In cylindrical coordinates, the set B of basis vectors is
$B=\left \{ \vec{e}_{r},\vec{e}_{\theta} \right \}$.
It is clear, geometrically, that
$\frac{\partial e_{r}}{\partial r}=0=\frac{\partial e_{\theta}}{\partial r}$
However, I am unable to convince myself that
$\frac{\partial e_{r}}{\partial \theta}=e_{\theta}$ and $\frac{\partial e_{\theta}}{\partial \theta}=-e_{r}$
Any help to shed light on this is appreciated.
Thanks in advance
On
The quickest and easiest way I know how to handle this one is via the realization that
$\vec e_r(r, \theta) = (\cos \theta, \sin \theta), \tag 1$
and, if $\theta$ increases in a counter-clockwise direction, that
$\vec e_\theta(r, \theta) = (-\sin \theta, \cos \theta); \tag 2$
(1) is very nearly self-evident, and (2) follows from (1) by a counter-clockwise rotation of the unit vector $\vec e_r$ by $\pi/2$, which takes
$\theta \to \theta + \dfrac{\pi}{2}, \tag 3$
whence
$\cos (\theta + \dfrac{\pi}{2}) = (\cos \theta)(\cos \dfrac{\pi}{2}) - (\sin \theta)(\sin \dfrac{\pi}{2}) = -\sin \theta; \tag 4$
$\sin(\theta + \dfrac{\pi}{2}) = (\cos \theta)(\sin \dfrac{\pi}{2}) + (\cos \dfrac{\pi}{2})(\sin \theta) = \cos \theta. \tag 5$
It is then clear that
$\dfrac{\partial \vec e_r}{\partial r} = 0 = \dfrac{\partial \vec e_\theta}{\partial r}, \tag 6$
since neither $\vec e_r$ nor $\vec e_\theta$ depends on $r$; it is equally clear that
$\dfrac{\partial \vec e_r}{\partial \theta} = (-\sin \theta, \cos \theta) = \vec e_\theta, \tag 7$
and
$\dfrac{\partial \vec e_\theta}{\partial \theta} = (-\cos \theta, -\sin \theta) = -\vec e_r. \tag 8$
Note: Of course this is all based upon the fact that any unit vector may be written $(\cos \phi, \sin \phi)$ for appropriate $\phi$. End of Note.
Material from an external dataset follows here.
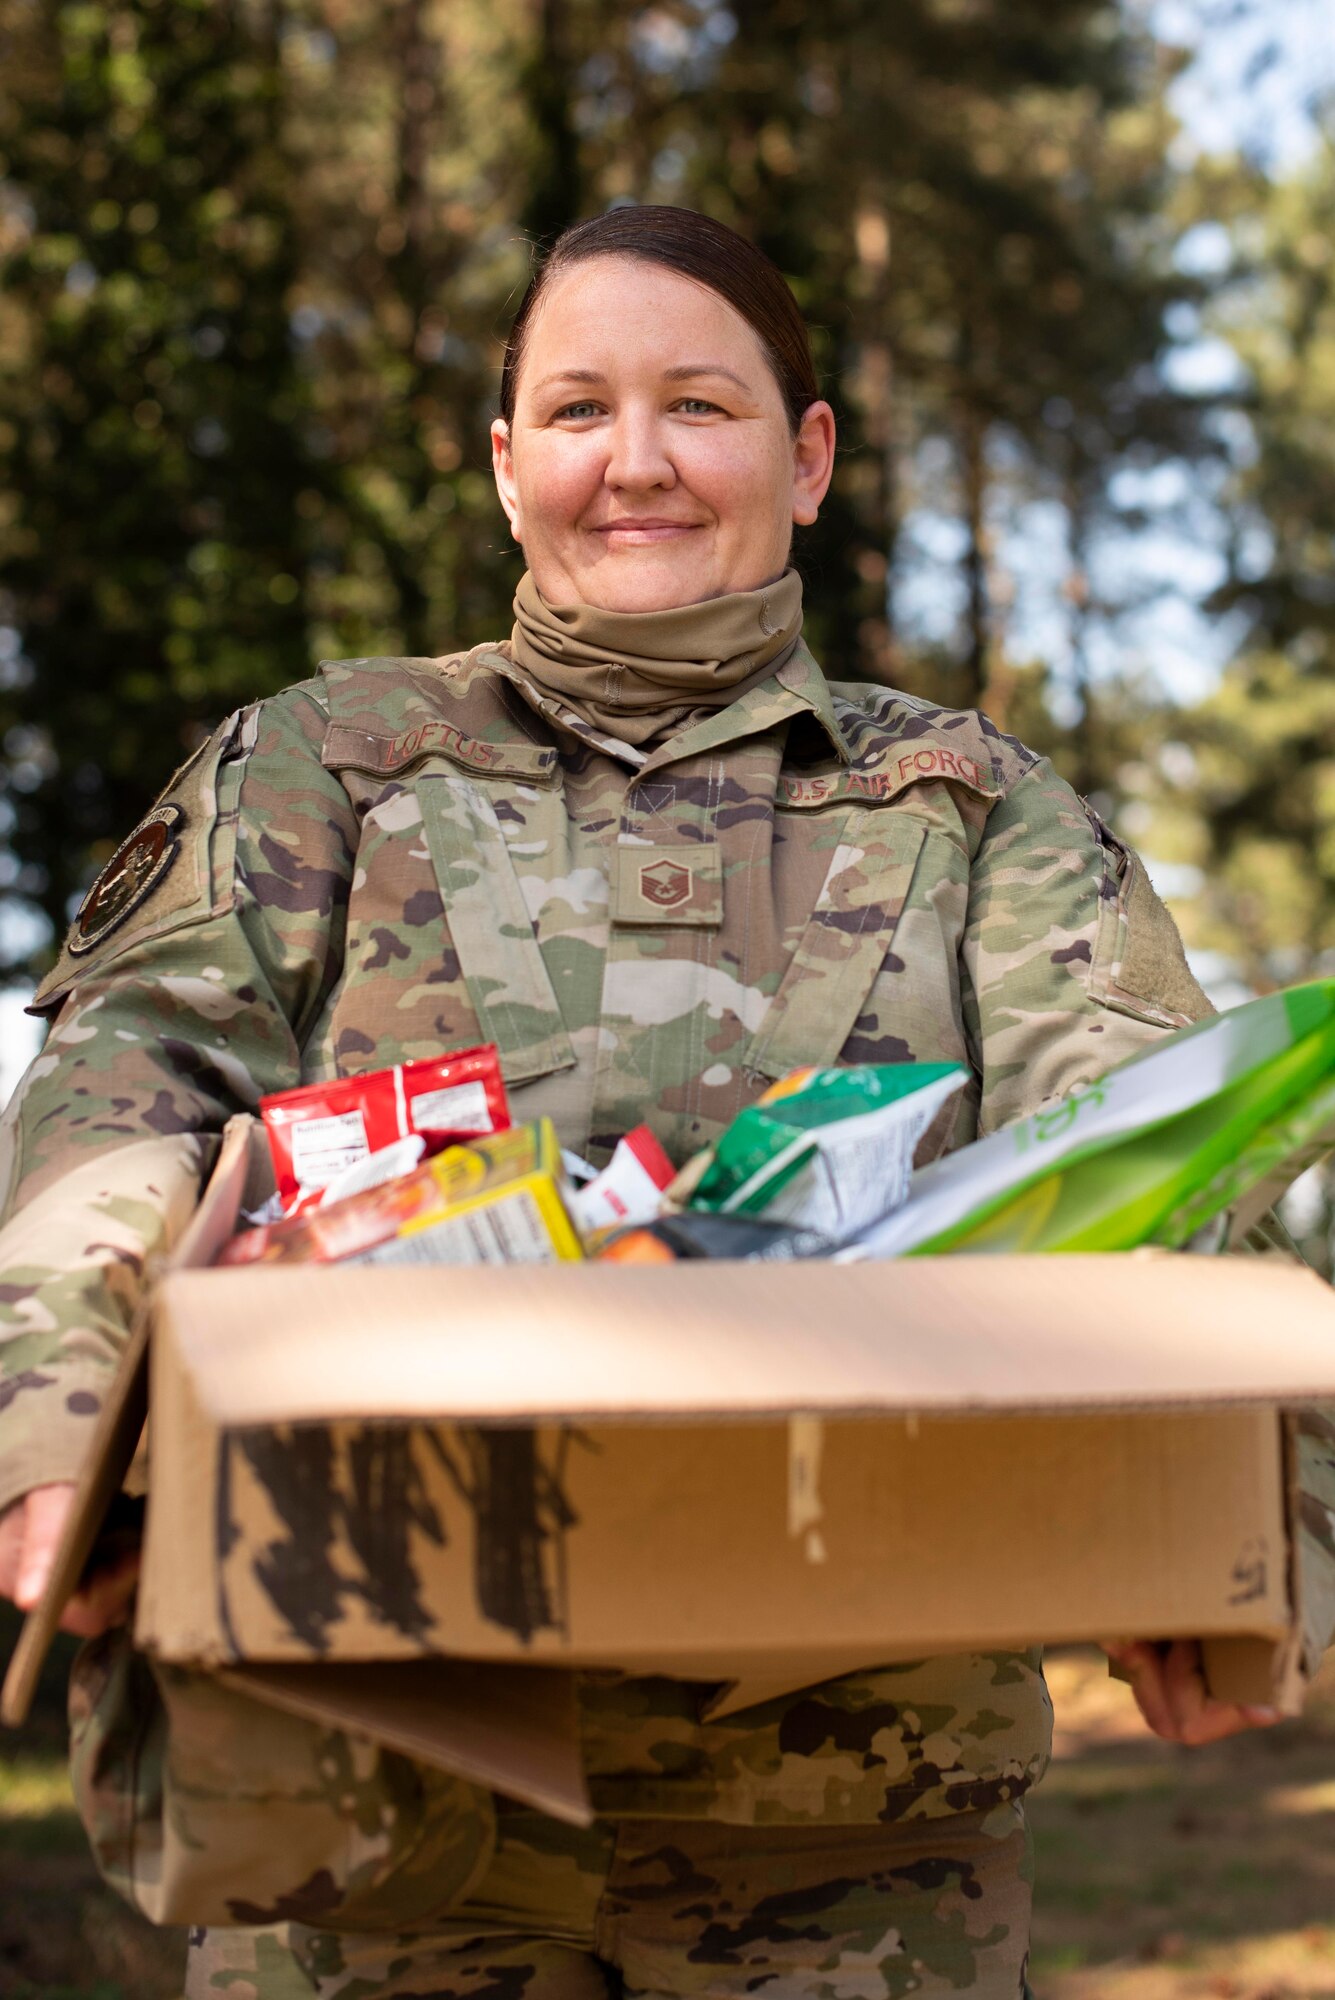 Master Sgt. Aisling Loftus, 100th Force Support Squadron postal superintendent, with a care package she assembled at RAF Mildenhall, England, June 15, 2020. Team Mildenhall has donated approximately 3,000 items to support the wellness of local healthcare workers fighting COVID-19. (U.S. Air Force photo by Airman 1st Class Joseph Barron)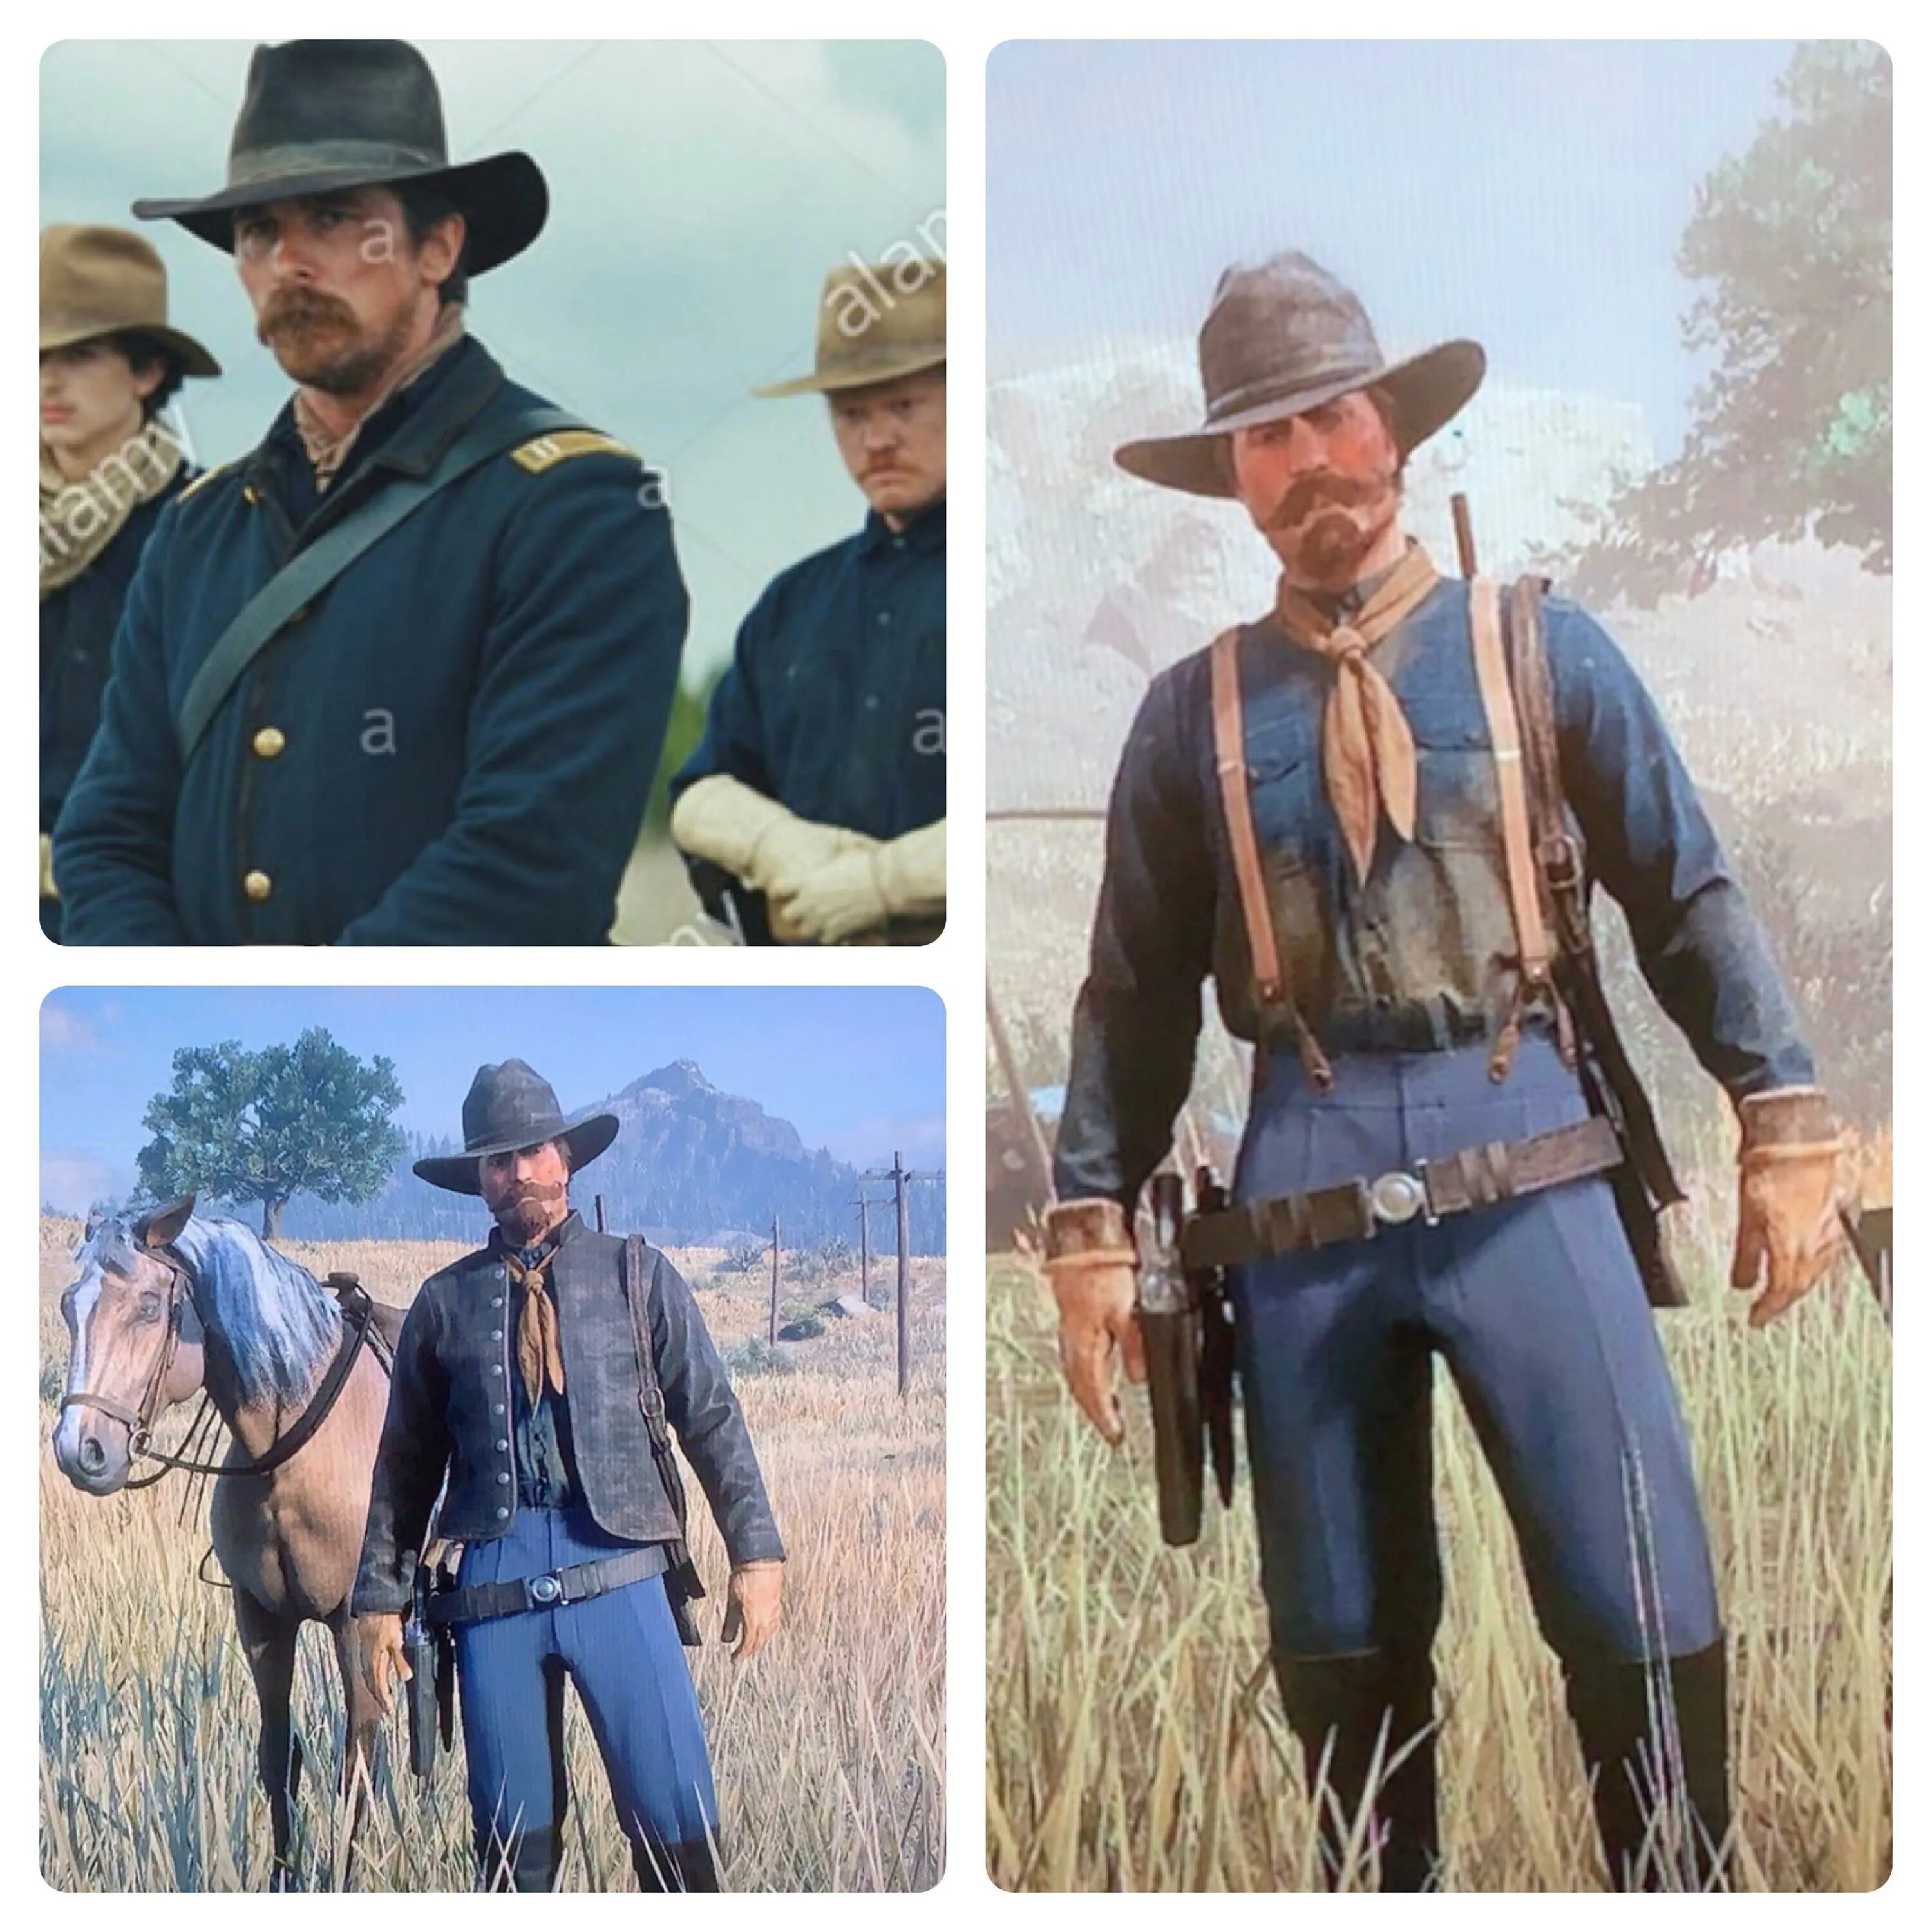 Мастер оружия рдр. Red Dead Redemption 2 Army outfit. Red Dead Redemption 2 Конфедераты. Red Dead Redemption 2 кавалерист. Red Dead Redemption 2 армия.

This is for polar coordinates, cylindrical would have a third basis vector $e_z$, but regardless, as the angle $\Delta\theta$ goes to $0$ in the ccw direction, the differential angle makes an appearance resulting in a differential change in the direction of the radial vector
So wherever $e_r$ was pointing, it now has to rotate over an amount of $d\theta$ (ccw) to point in the new correct direction, and the direction of where it should go is already accounted for by $e_\theta$
Likewise, $e_\theta$ is perpendicular to $e_r$, so when going counterclockwise, the new $e_\theta$ is more flattened horizontally than the original $e_\theta$, so the direction $e_\theta$ must go when rotated by $d\theta$ is in the direction of $-e_r$
This is to say
$$\underline{e_r}=\cos\theta\underline{i}+\sin\theta\underline{j}$$
By definition, they are orthogonal
$$\underline{e_r}\cdot\underline{e_\theta}=0$$
And we want $e_\theta$ to have positive orientation sense, so
$$\underline{e_\theta}=-\sin\theta\underline{i}+\cos\theta\underline{j}$$
And we can now clearly see
$$\frac{d\underline{e_r}}{d\theta}=-\sin\theta\underline{i}+\cos\theta\underline{j}=\underline{e_\theta}$$
$$\frac{d\underline{e_\theta}}{d\theta}=-\cos\theta\underline{i}-\sin\theta\underline{j}=-\underline{e_r}$$